5. И как об Иерусалиме сказано: «плачет», наш Иерусалим, то есть церковь, тоже «плачет ночью», потому что опочил тот, кто служил ее славе своей верой и благочестием. По справедливости она «горько плачет» и «слезы ее на ланитах ее». Обильный плач обычно виден по увлажненному лицу, когда щеки орошены слезами; но так как в Писании сказано: «Щеки его — цветник ароматный, гряды благовонных растений; губы его — лилии, источают текучую мирру»[17], — то имеется в виду таинственная благодать плачущей церкви, которая изливает благотворные ароматы печали на могилу Валентиниана, прославляя его добродетельную жизнь. Ему не могла повредить смерть, потому что аромат всеобщих похвал развеял зловоние тления.

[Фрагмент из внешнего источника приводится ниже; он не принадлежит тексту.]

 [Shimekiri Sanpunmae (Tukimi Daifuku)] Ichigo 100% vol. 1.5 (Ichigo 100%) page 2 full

5. Итак, церковь оплакивает своего возлюбленного сына и «слезы ее на ланитах ее»[18]. Но послушай, какие ланиты: «Ударившему тебя по щеке подставь и другую»[19], ибо она так терпелива к страданиям, что тот, кто их причиняет, раскаивается. По одной щеке ты получила удар, церковь, когда потеряла Грациана; ты подставила и другую, когда тебя лишили Валентиниана. По справедливости, слезы у тебя не на одной, а на обеих щеках, так как ты благочестиво оплакиваешь обоих. Итак, ты плачешь, церковь, и ланиты твои утопают в слезах, как бы в неких потоках благочестия. Каковы же у церкви эти ланиты, о которых в другом месте говорит Писание: «Как половинки гранатового яблока — ланиты твои»[20]. Ланиты эти сияют скромностью и красотой, что означает либо цветущую юность, либо совершенную зрелость. Поэтому в смерти верных императоров есть некий упрек церкви: столь безвременная смерть благочестивых правителей омрачает ее красоту.

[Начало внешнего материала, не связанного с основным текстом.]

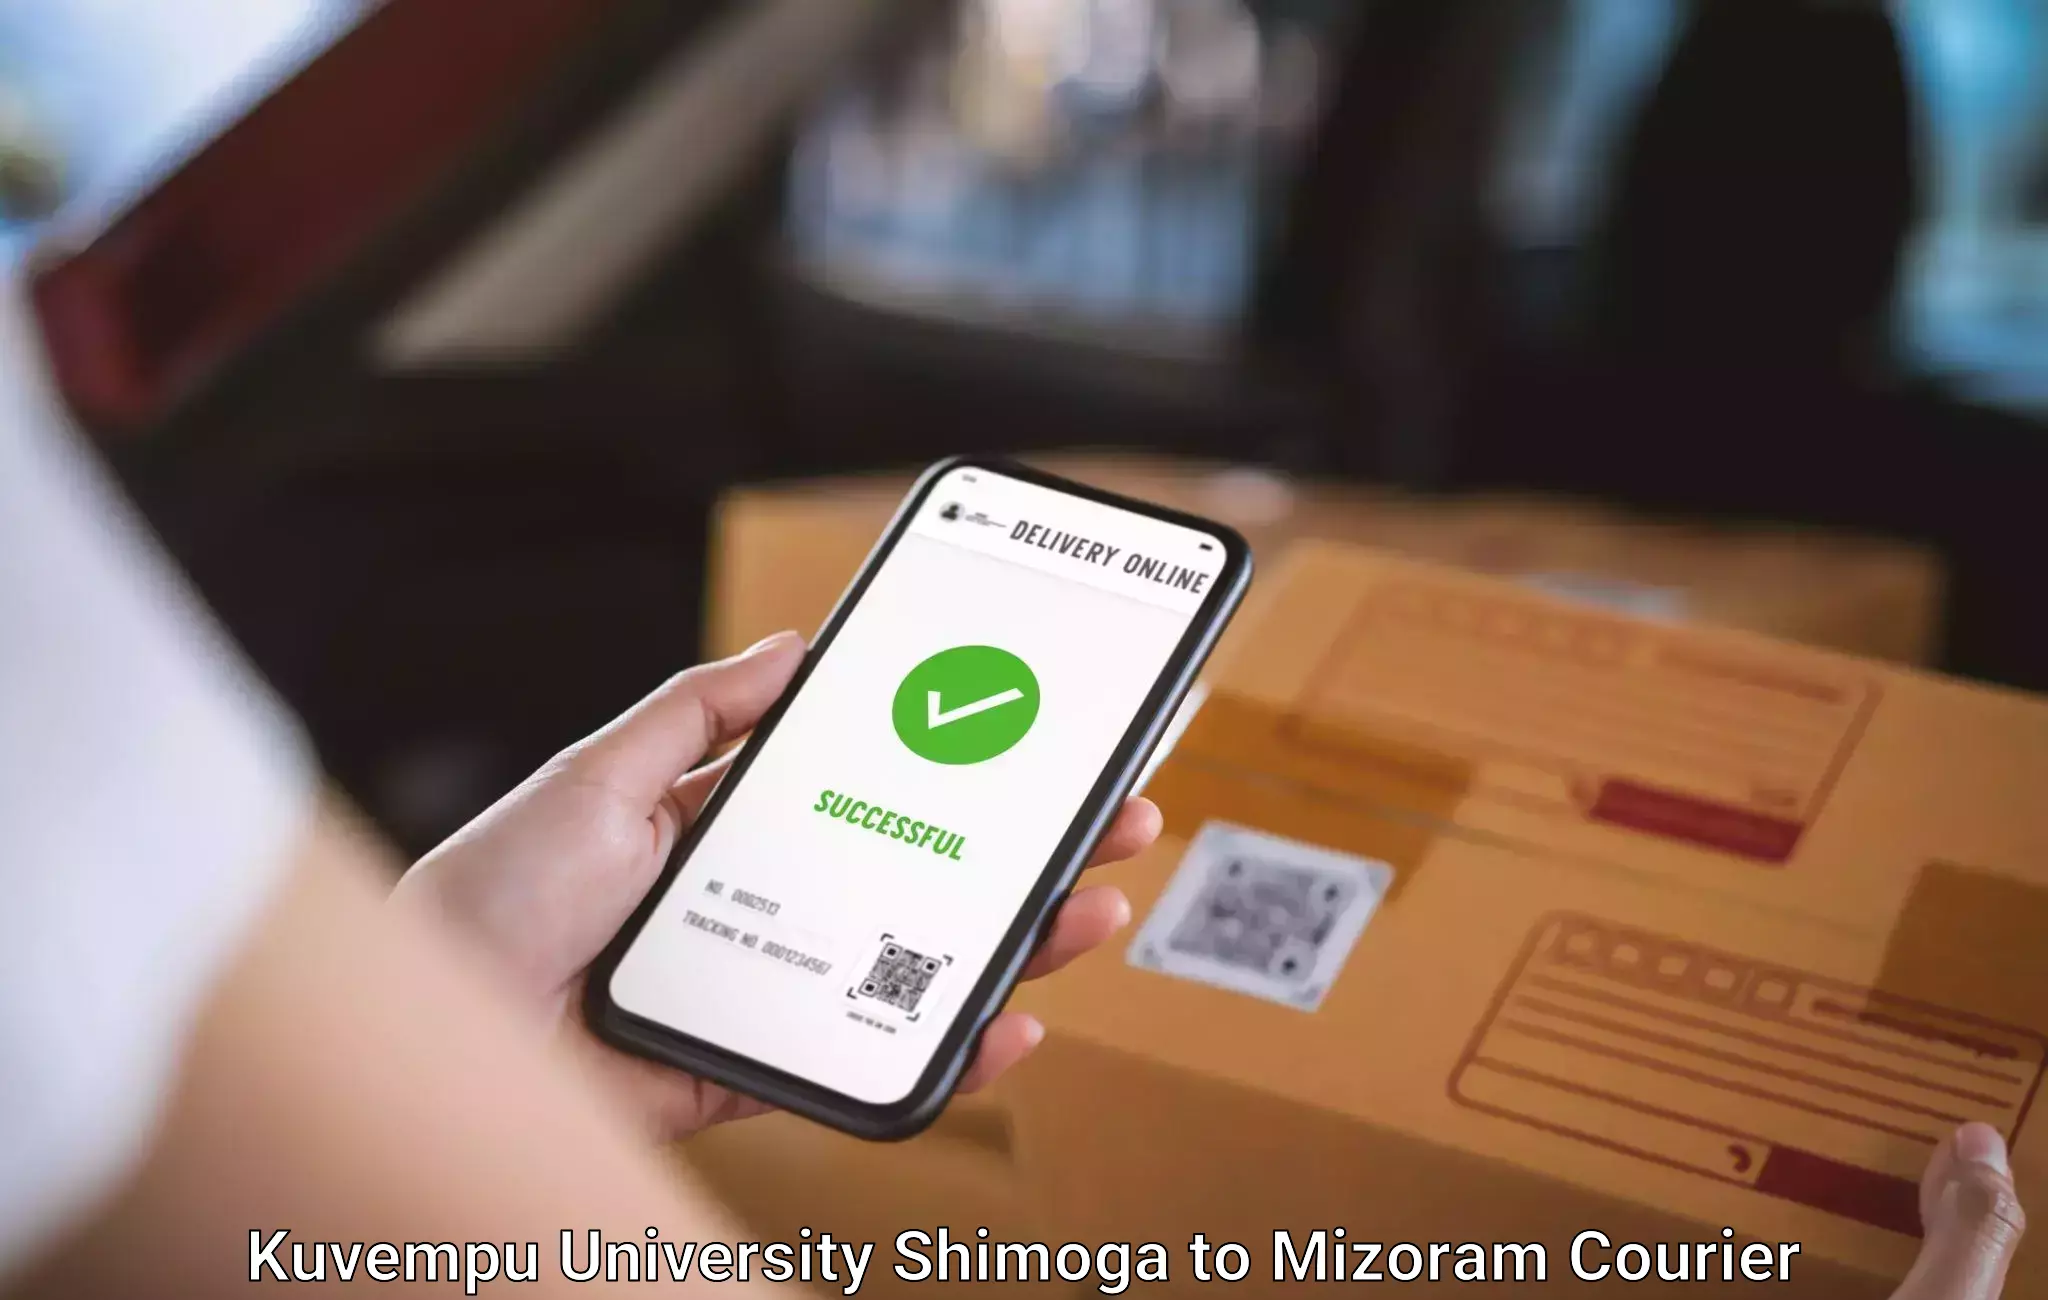 Door-to-door baggage service Kuvempu University Shimoga to Mizoram

[ХАРАКТЕРИСТИКА ВАЛЕНТИНИАНА II]
13. В самом деле, великий подвиг — либо вообще воздержаться от пороков юности, либо оставить их у самого порога юности и обратиться к серьезным вещам; ибо запутаны и полны соблазнов дороги юности. И, наконец, Соломон говорит: «Три вещи непостижимы для меня, и четырех я не понимаю: пути орла на небе, пути змея на скале, пути корабля среди моря и пути мужчины к девице»[21]. Давид же говорит: «Грехов юности моей и преступлений моих не вспоминай»[22]. Потому что юноша впадает в грех не только из-за свойственной молодости неустойчивости характера, но и из-за незнания небесных предначертаний; однако тот, кто грешит по неведению, быстро получает прощение. Поэтому пророк и говорит: «Грехов юности моей и преступлений моих не вспоминай»[23]. Он не говорит: «Грехов старости моей и мудрости моей не вспоминай», но как пророк, который быстро исправил грехи своей юности, сославшись на возраст и незнание, так и Валентиниан говорил о грехе подобное пророку: «Грехи юности и неведения моего не вспоминай». Он не только говорил, но и исправлял свои ошибки прежде, чем узнавал, что впал в грех. Поэтому он говорит: «Исправления ошибок юности моей не вспоминай». Ошибаются многие, но не многие исправляются.
15. Что мне сказать о других его поступках, если он считал, что следует воздерживаться даже от детских игр, что нужно сдерживать свойственное молодому возрасту своеволие, что должно смягчать строгость общественного наказания и быть снисходительным к старикам, когда их обвиняют в каком-либо преступлении. Вначале говорили, что ему нравятся зрелища в цирке; но он отступился от них настолько, что считал необязательным устраивать их даже в дни рождения вельмож, хотя бы это и делалось в честь императора. Некоторые говорили, что он увлекается охотой и тем самым отвлекает свой ум от общественных дел; но на это он незамедлительно приказал перебить всех своих зверей.